Possible scenarios for resampling and/or combining frames are:

  • Keep your new spatial sampling the same as the old (i.e the new spaxels have the same size as the old) but the grid larger enough to include the FoV of all images. Make a new grid that covers the total region your input data will cover. Add in each image to this new grid by simply working out the percentage of overlap of each old spaxel with each new spaxel.
  • Increase the spatial sampling (i.e. the new spaxels are smaller than the old). Again you need to work out the percentage of flux in each new spaxel from each old. However, here you could consider here not just transferring e.g. 1/4 of the flux of the old spaxels to your 1/4-sized new spaxels, but rather carrying out 2D (polynomial) fits to calculate the amount of flux that should be transferred to each new spaxel….and doing this for each wavelength slice. (see here for a slightly more lengthly explanation.)
  • You are changing spaxel shapes; the idea is the same (i.e. you are doing a spatial resampling) — chose your new spaxel size (e.g. make the new and old cover the same area) and shape and interpolate the flux for each wavelength slice between the two.

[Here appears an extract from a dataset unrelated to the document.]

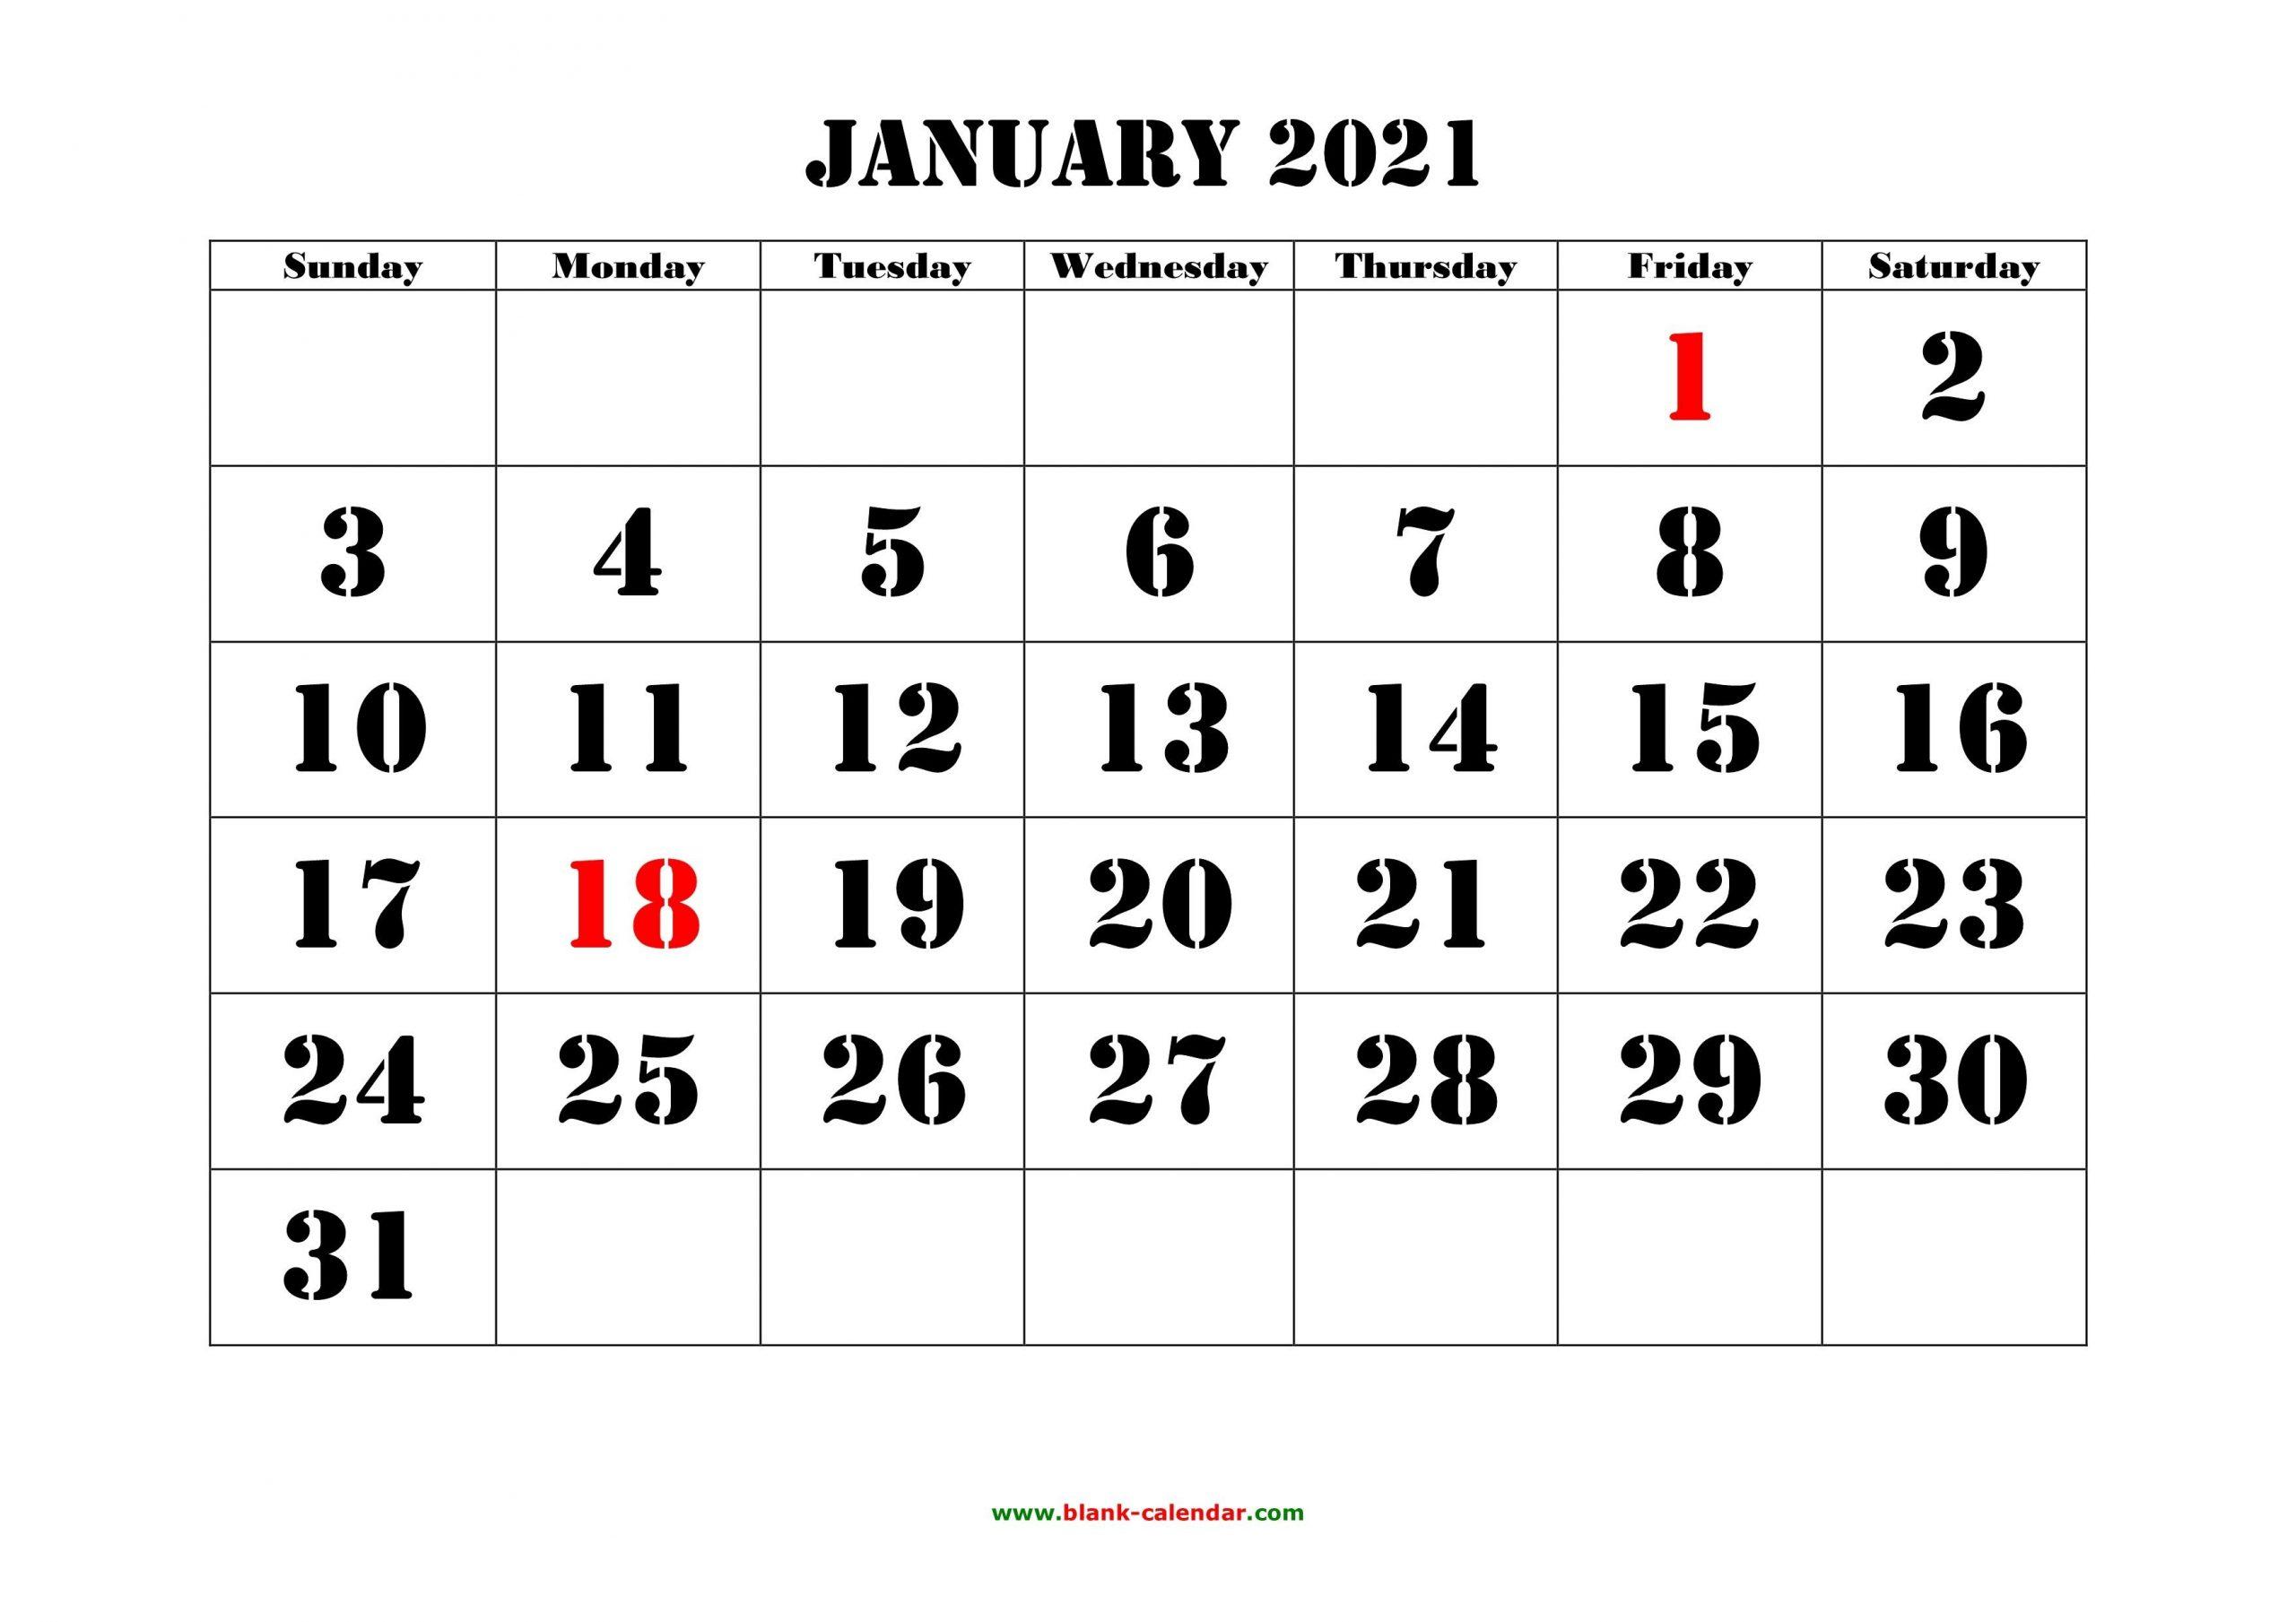 January 2021 Calendar Free Download Printable Calendar 1

These points are much as was described in the section just above ("Combining with fractional spaxel offsets").

Some resampling software

  • Voronoi binning: An adaptive spatial binning method to maintain a constant signal-to-noise ratio per bin, using the method developed by Cappellari & Copin (2003, MNRAS, 342, 345). You can also check out http://www.astro.umontreal.ca/fantomm/reduction/. Voronoi binning is a way to improve the sampling in a way that makes scientific sense, rather than to be used as an aid to combing offset cubes.
  • Drizzling, e.g. drizzle and the STSDAS dither package in IRAF (see http://www.stsci.edu/~fruchter/dither/dither.html and links therein). Drizzle is a technique much used on HST images (to correct for the spatial distortions). You can also cut up your 3D cube into wavelength slices, treat each as an image and use drizzle on them. Drizzle will not change spaxels from non-square to square.
  • The task gemcube in the Gemini IRAF package (written by Frank Valdes from NOAO) implements a multi-dimensional version that can map data directly from a 2D image to a 3D cube. This is used by nifcube for NIFS reduction.
  • The Euro3D visualisation tool here. The resampling it does actually works very well, can change spaxel shapes from non-square to square, and is easy to use, but the tool itself is very difficult to install and very difficult to get working.

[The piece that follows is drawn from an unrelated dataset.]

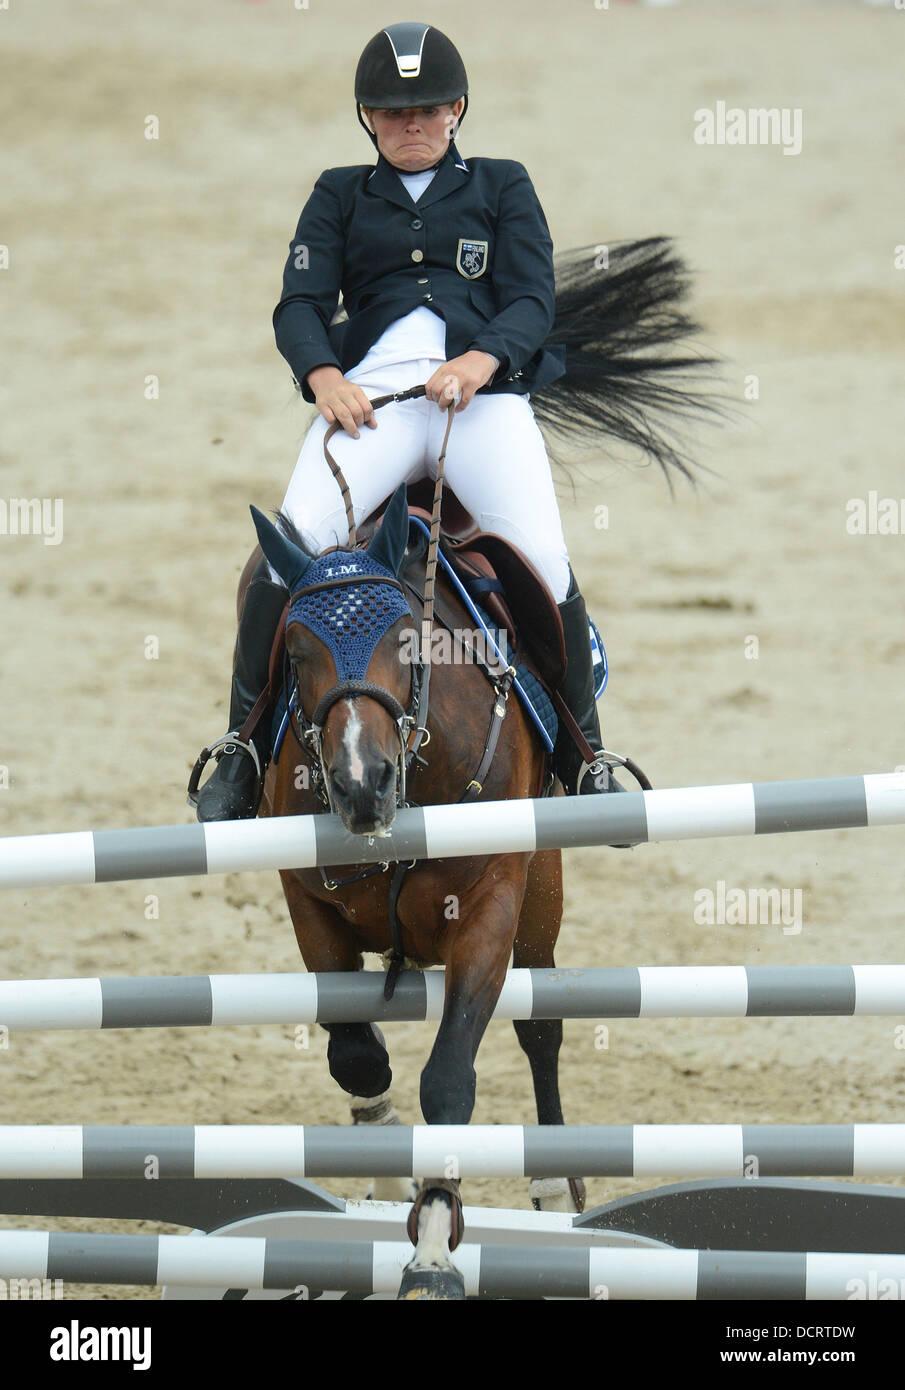 Herning, Denmark. 21st Aug, 2013. Finnish show jumper Satu Liukkonen and her horse Celestine knock down an obstacle - Stock Image

Whatever method you choose, you must be careful that the flux is conserved and the spectral features are not altered, so compare the before- and after-spectra. If you plan on writing your own code, then good luck and please consider leaving a link here :).

A few notes about 2D spatial fitting

A few pieces of advice we can offer.

Some why and how of resampling (offered without any guarantee)
Consider this. A telescope image (i.e. what the telescope actually sees) is continuous. An IFU cube, fibres, are discrete points convolved with the telescope PSF. If the telescope image consisted of a set of points in the shape of the IFU grid (rather than being continuous) and you then convolved that grid with the PSF, the value you would end up with at each point would be a weighted sum of the original points with coefficients determined by the PSF. Recontructing the image would be a matter of reverse engineering the IFU image using the PSF. But since the image that the telescope, that the IFU, is looking at is in reality continuous, this reverse engineering is not quite so simple. When working on resampling a data-cube, you are first trying to reconstruct the continuous telescope image that the IFU was originally looking at, so that you can then resample it as if the IFU were a perfect square grid in the first place. That can done by some approximation to a sinc function. You could use a Gaussian (e.g. a PSF-like shape) but it would filter the spatial frequencies ($\approx$the spatial grid) less optimally.

Sinc fitting
Fitting functions to your 2D spatial image at each wavelength, as a step towards improving/changing the spatial sampling, does have some drawbacks. A good function to use in your spatial fitting is a since function that is finite, such as a spline. However, if your data are undersampled (e.g. the PSF size equals 1 spaxel size) using a sinc function can result in a "ringing" effect around point sources. A sinc function really needs to be infinite to work properly.) Using a purely-positive interpolant, such as a Gaussian would this avoid ringing, but at the expense of greater smoothing. Actually, it is not possible to resample the image without losing some information, no matter what type of function you use in your fitting: you cannot create information that was not there in the first place!

Once you start looking at the ~1% level it may be that images with >2 pixels/FWHM are still technically undersampled for a seeing-limited PSF, producing some low-level artifacts when using splines for your fitting. However, what you need to consider are what you actually want and need to do with the data, and to what level of accuracy you have to go. If you need to resample, well, then you need to resample…just make sure you check your before and after spectra, to know what the effect has been on your data, and use methods that have been tested and reported on by others. In practice, it seems that most people we have talked to about this haven't really noticed problems using splines or piecewise polynomials when applied to fairly well-sampled data such as GMOS; for less well-sampled data you just need to experiment with other functions if you don't like the look of what you get with spline fits. It may be more of an issue for high contrast data such as QSOs, because 1% of a large number (a large flux) is significant.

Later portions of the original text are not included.